Адам мог повиниться младшему брату в чем угодно: Майк и бровью бы не повел и тем более никому бы не проболтался. Майк боготворил Адама с самого их одинокого детства, которое не было согрето любовью родителей, не испытывавших, казалось, никаких чувств ни к сыновьям, ни друг к другу. В первые годы жизни мальчики находились на попечении нянек, из которых ни одна не задержалась надолго в доме Грантов, поскольку не удовлетворяла высоким требованиям крутой и властной миссис Грант. И мальчики были осуждены на вечное пребывание в детской, где у них было все, кроме ласки, нежности и тепла, за исключением тех, которые они сами выказывали друг другу. Так они и выросли, зная, что каждый из них абсолютно во всем может положиться на брата, и, в сущности, не доверяя больше никому на этом свете.

„Хамбер" летел по шоссе, минуя милю за милей. Майк вздохнул. Какой прекрасный вечер! В самый раз, чтобы погонять на мотоцикле. Он отчетливо вспомнил свои первые ночные прогулки на своем первом новом мотоцикле: это был „нортон-доминейтор", послушный и с восхитительно мягким ходом. Мотоциклы были страстью Майка. В четырнадцать лет он купил свою первую машину – подержанный армейский BSA М20, предназначенный для связников. Сиденье у него ходило ходуном, и вообще здорово трясло. Майк спрятал его в пустовавшем сарае, где к нему позже присоединился „триумф-спид-твин-500", такой же старый и со слишком жестким для своих габаритов ходом. Ни один из приобретенных впоследствии мотоциклов не доставлял Майку столько радости, сколько эти две развалины.

В казино „Палм-Бич", считавшемся более шикарным, чем „Мунисипаль", братья показали свои паспорта и пошли покупать фишки для игры: во избежание краж ставни наличными не принимались.

По игровому залу бесшумно скользили официанты и продавщицы сигарет; пара агентов службы безопасности наблюдала за порядком.
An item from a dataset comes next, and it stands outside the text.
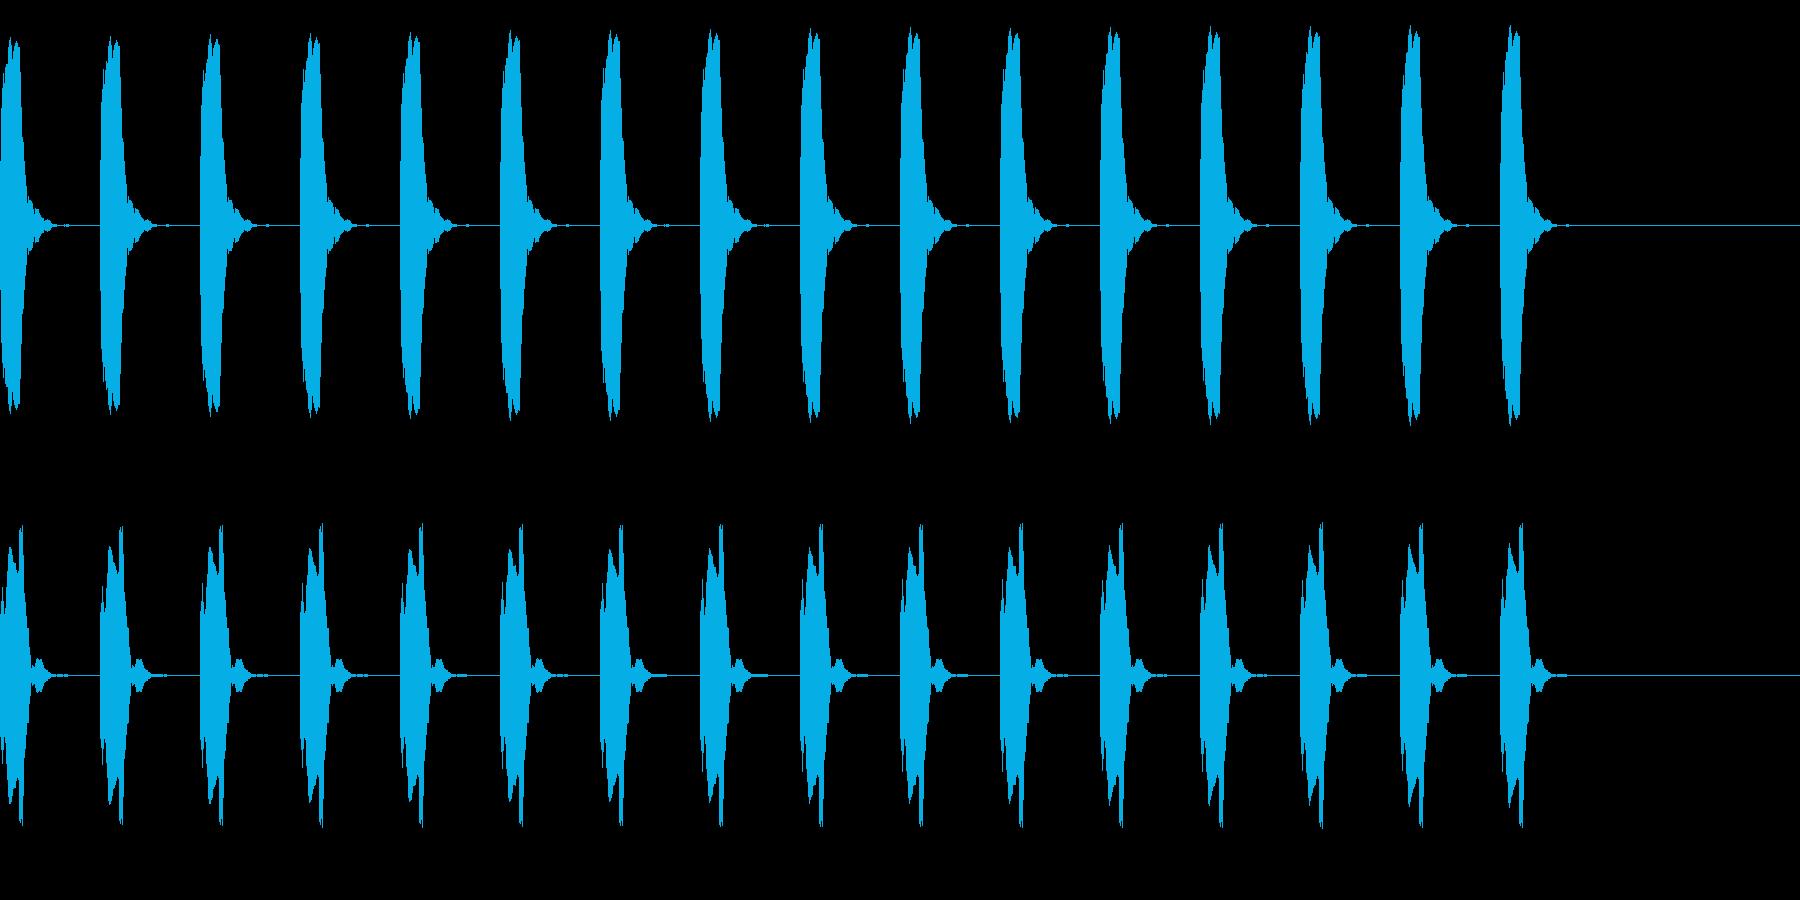 ピー、ピー、心電図の音 リバーブの再生済みの波形

Облаченные в темные формы, они стояли неподвижно, но глаза их, не переставая, ощупывали зал.

– Это подсадные, – шепнул Адам, взглядом указывая Майку на нарядно разодетых женщин, сидевших на высоких вращающихся стульях у длинной стойки бара; братьям были видны лишь их спины, лица же отражались в зеркальной стене за стойкой. – Их задача – подцеплять клиентов и заставлять их играть.

Подойдя к стойке, Адам и Майк заказали виски с содовой и, усевшись на вращающиеся стулья, повернулись лицом к залу, чтобы наблюдать за играющими. Их ноздри щекотали ароматы изысканных блюд и дорогих духов.

Возле всех шестнадцати игровых столов царило возбужденное оживление. Вокруг них толпились люди – мужчины в смокингах, дамы в длинных платьях с обнаженными плечами и глубокими декольте. Несколько пожилых леди сидели, напряженно следя за игрой и крепко вцепившись в свои сумочки; их увядшие груди колыхались над тесными открытыми корсажами. Большинство среди играющих, похоже, составляли французы, немцы и греки, хотя из-за одного из ближайших столов до Майка донеслась английская речь: двое мужчин играли, а их жены довольно громко выражали беспокойство по поводу ограничений в приеме британской валюты.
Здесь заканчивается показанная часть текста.